La jornada siguiente, aun siendo medio día, Coco no se había levantado: me puse a fisgonear por su salón y prendí la TV. Del cuarto salió un joven gordito, que se sentó junto a mi. Me habló de cosas sin importancia, como que trabajaba se mozo en un café. Esa tarde Coco me llevó al Museo del Prado, al Jardín Botánico. Madrid es bello, pero el juntarme con David y Roger después de años fue una experiencia increíble. Una tarde caminamos mucho por la Plaza de Oriente y esas callecitas que recuerdan tanto a La Habana Vieja. Nos acompañaba Aleida, una abogada amiga de David. Coco insistió en detenerse en una dulcería a comer merengue. Al día siguiente deberíamos ir al Escorial. Nos llevaría la abogada, que tiene auto y es una persona maravillosa. Por alguna razón Coco no pudo ir y fui con los otros dos.
El Escorial queda como a cincuenta kilómetros de Madrid, en la montaña. Cuando estuve en París no fui a Versalles, así que no sé cuál es mayor, si uno o el otro. En todo caso ambos ocupan extensiones enormes y dicen cómo fueron sus constructores. De cierto modo los dos representan una idea del mundo. La propia finalidad del Escorial, monasterio y depósito de cadáveres regios, marca una diferencia fundamental. Sus pasillos casi desnudos y la austerísima habitación de Felipe II expresan qué es España. Quisimos entrar a la capilla –en realidad un templo enorme repleto de pinturas y esculturas de maestros- pero al ser domingo y celebrarse misas, sólo se permiten visitas durante los recesos. Cuando llegué a la cancela de entrada no se veía a nadie en el altar y quise entrar: me lo impidió un guardia civil bigotudo y con tricornio que parecía sacado de una película de Buñuel. Se dice que la villa de El Escorial sigue siendo franquista. En realidad parece más un pueblo provinciano: pocas personas jóvenes, ropa oscura, ritmo pausado.
Almorzamos en una antigua venta. Luego regresamos al monasterio y subimos a la biblioteca. El Escorial sigue siendo una casa religiosa y los monjes ocupan más del 80 % del edificio. Resulta sobrecogedor, como un viaje en el tiempo.
Otro día Coco nos llevó a comer a Chueca, el barrio gay y exclusivo de Madrid. El restaurante se llamaba La Dama de Negro, tiene un altarcito con su virgen y velitas prendidas; está decorado con maniquíes femeninos. Todo el personal es gay. Nos atendió un flaco que hablaba mucho. Supuestamente el propietario se apodó La Dama de Negro en otra época. Me gustó, pues por lo general los restaurantes, o bien tienen un ambiente opresivo, casi militar, o bien te sientes como un fantasma metido donde no debiera estar. A pesar del andamiaje y la decoración, La Dama... no es así.

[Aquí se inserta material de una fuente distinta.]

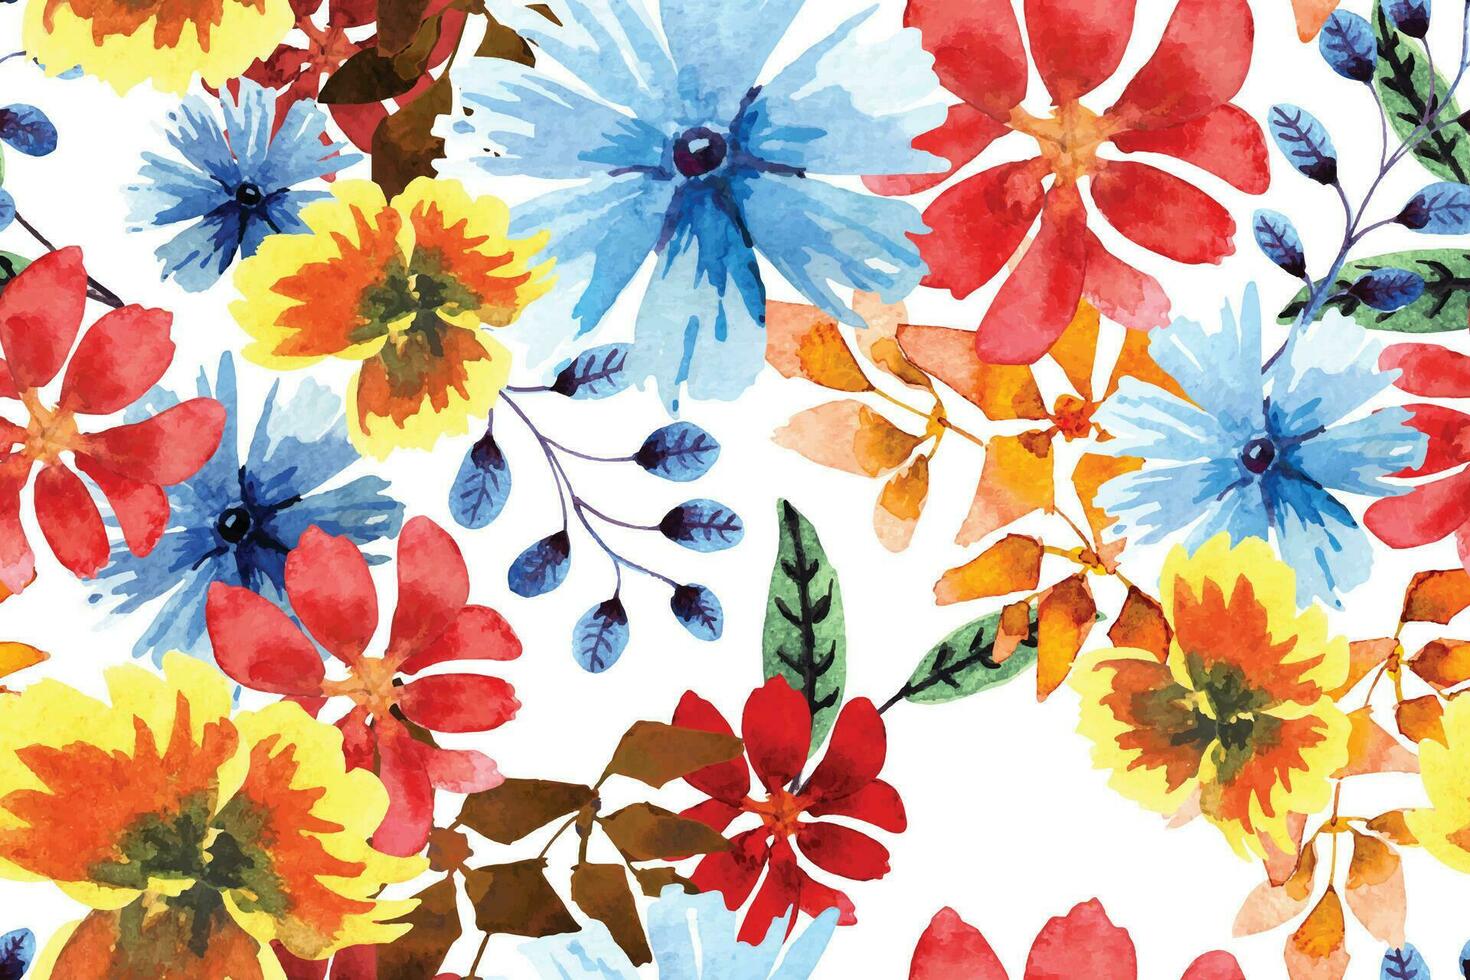 modello senza cuciture di fiori colorati disegnati con acquerello.per il design della carta da parati o del tessuto, stile vintage.pittura floreale in fiore per l'estate.sfondo botanico. vettore

Como viajé solamente con una mochila, no cupieron todos los libros que Coco me quería dar – los tiene extraños y bellos. David me había publicado dos títulos de poesía en el proyecto editorial suyo llamado Timbalito –como el barrio marginal camagüeyano- y me imprimió muy hermosamente ese año Poemas de año y medio. Sólo pude traer dos ejemplares. Cómo lo lamento.
El día antes de volver a Suiza me mudé a casa de David. Lo conocía más que todo a través de Carlos. Y fue a través de él que hicimos amistad y en algún momento de los años ’70 me hospedé en su casa camagüeyana de la calle García Roco: entonces sus padres estaban vivos. Mi recuerdo de él, en Cuba, corresponde a un muchacho apuesto, rubio, delgado, de rostro felino. Almorzamos juntos –es excelente cocinero. Estaba su amigo Antonio. Esa noche fuimos a un café de barrio a conversar. Me contó sus años en España: la madre, Ángel: el señor que falleció dejándole el sida por herencia, sus sucesivos trabajos. No creo útil tratar de relatarlos: no lo haría bien.
Por primera vez me reencontré, en sus vidas actuales, con mis amigos de la juventud. Fue como abrir un postigo hacia ese otro espacio al que, lo mismo Afuera que Adentro fuimos llevados (¿lanzados?) todos. No es lo mismo que cuando Carlos Victoria fue a Santo Domingo, o más tarde, en el 2003, cuando vino hasta mi casa de Cuabitas. Ahí fue él quien se asomó a mi vida: a saber qué vió. No sé si hablar de amargura, ya que el tiempo y la edad por si solos pueden hacernos amargos, pero ciertamente no vi serenidad. En todo caso cierta indiferencia. Ojalá Roger no se sienta dolido de mi por lo que escribo, pero es la verdad. ¿Esperaba encontrar algo diferente? No sé. Es como saber que algo va a ocurrir sin remedio: cuando al fin sucede, siempre nos sobresaltamos, siempre nos asusta la sorpresa. Saqué en limpio que todo lo que he visto y vivido en estos años de separación es nada o casi nada comparado con ellos. Les hablé de mi, de lo que hacía, de lo que era mi trabajo en ese entonces, y aunque no me lo dijeron. Percibí indiferencia en sus voces. Repito que más generosos de lo que se portaron conmigo (hablo de lo material) resultaba imposible, pero me sentí triste. ¿Será posible que nuestra vida –la de todos- haya sido esa basura?
En diciembre de 2011 David Lago falleció; cuando lo hizo yo no me comunicaba con él desde hacía meses, pues se había politizado demasiado parta mi gusto.
Una mañana regresé a Ginebra y a los pocos días, a Cuba.